Unlike the semiconductor shortage, the Red Sea crisis has led to extended shipping times and increased costs but has not reported any sinking of cargo ships. Despite facing challenges, production operations continue to address existing customer demands. Today's global supply chains are intricately coordinated, with the delivery of goods to factories (and from factories to customers) closely tied to demand. Predicting this demand has become a massive industry worth over $27 billion.

 

However, even with all this information, the industry can change overnight due to political tensions, pandemics, or situations like vessels stuck at sea, as seen with electric vehicle batteries in China. As concerns mount about vessels carrying everything from clothing to smartphones and car batteries needing to circumvent the Suez Canal, these crises have driven up container shipping rates. The Suez Canal is the fastest route between Asia and Europe, accounting for approximately 12% of global container shipping traffic. Maersk, last Friday, indicated that they anticipate rerouting to continue in the foreseeable future, adding around 10 days to the journey from Asia to Northern Europe and incurring an additional fuel cost of approximately $1 million.

 

If manufacturers are unable to produce due to component shortages, factories that produce a single product like Tesla's Gruenheide factory near Berlin (which manufactures the best-selling Model Y SUV) have only one option: shutdown. Workers on hourly wages are sent back home, and wages continue for other roles where feasible, such as security checks and testing.

 

Tesla and Volvo still have other factories and product lines that can continue to operate. However, even alternatives produced in Chinese factories to substitute for European deliveries are also affected by the need to traverse the Red Sea route. Automaker Geely, for instance, while able to manufacture Volvo cars in China, has warned that European consumers expecting new cars in early 2024 may inevitably face delivery delays.

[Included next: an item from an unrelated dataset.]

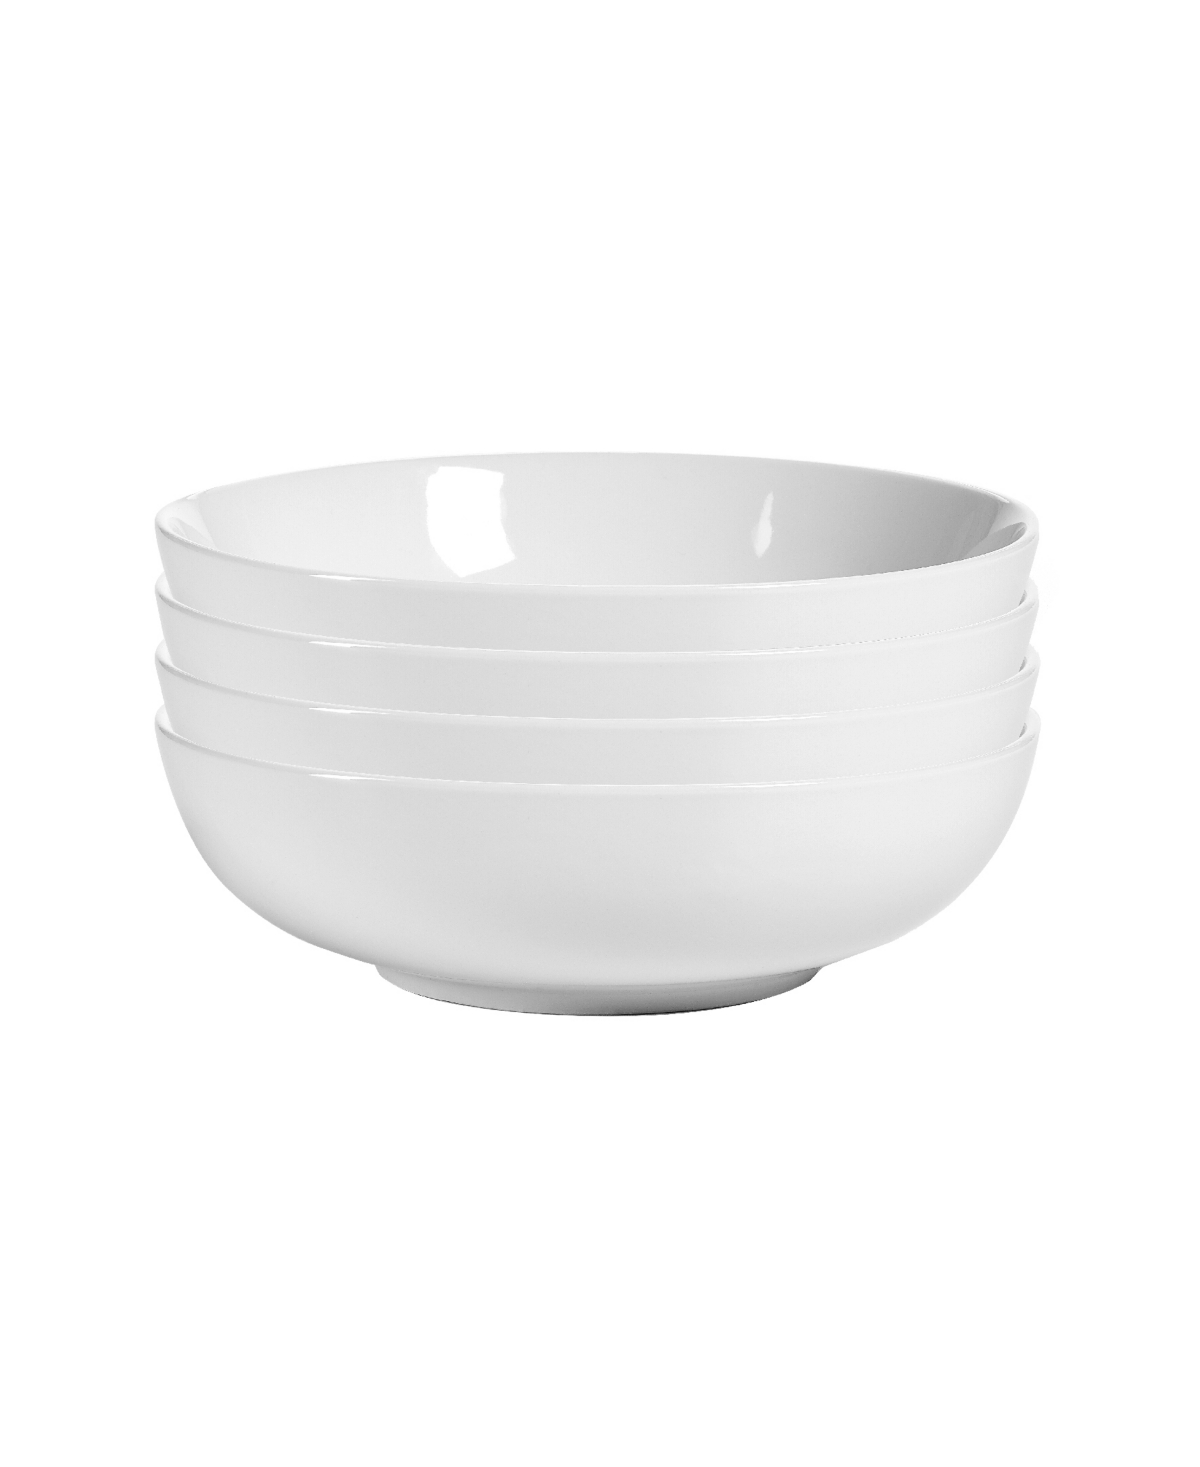 Delano Bowls - Set Of 4 - White
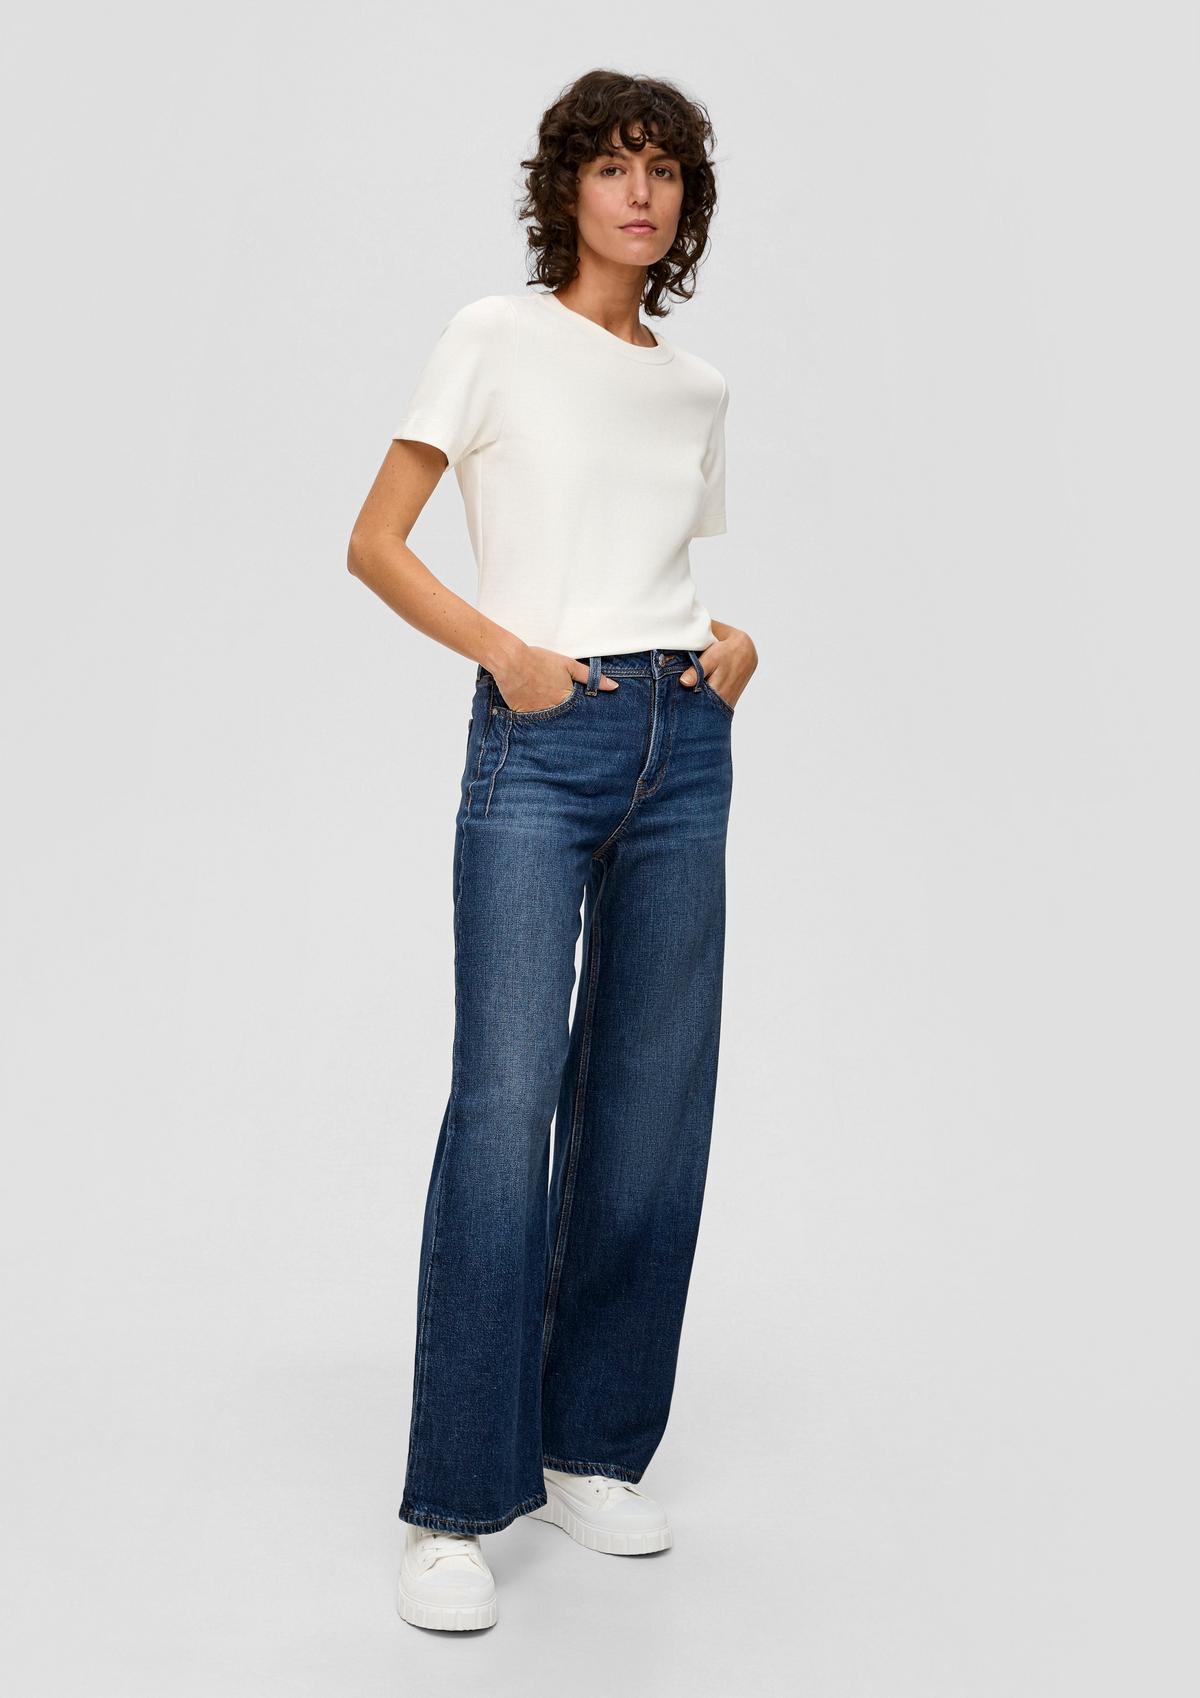 Wide leg Jeans für Damen bequem online kaufen bei

In conclusion, the Red Sea crisis has had a severe impact on global supply chains and the automotive industry. Due to attacks and transportation issues, European car manufacturers face the risk of component supply disruptions, potentially leading to production halts and delivery delays. Companies like Tesla and Volvo have already felt the impact of this crisis and had to suspend operations temporarily. Furthermore, the rerouting of the Suez Canal has driven up container shipping costs, exacerbating supply chain pressures. Both automakers and consumers are grappling with challenges related to delayed deliveries and uncertainty. In this situation, suppliers and manufacturers need to take strategic measures to address uncertainty and ensure supply chain stability to maintain smooth automotive production and deliveries.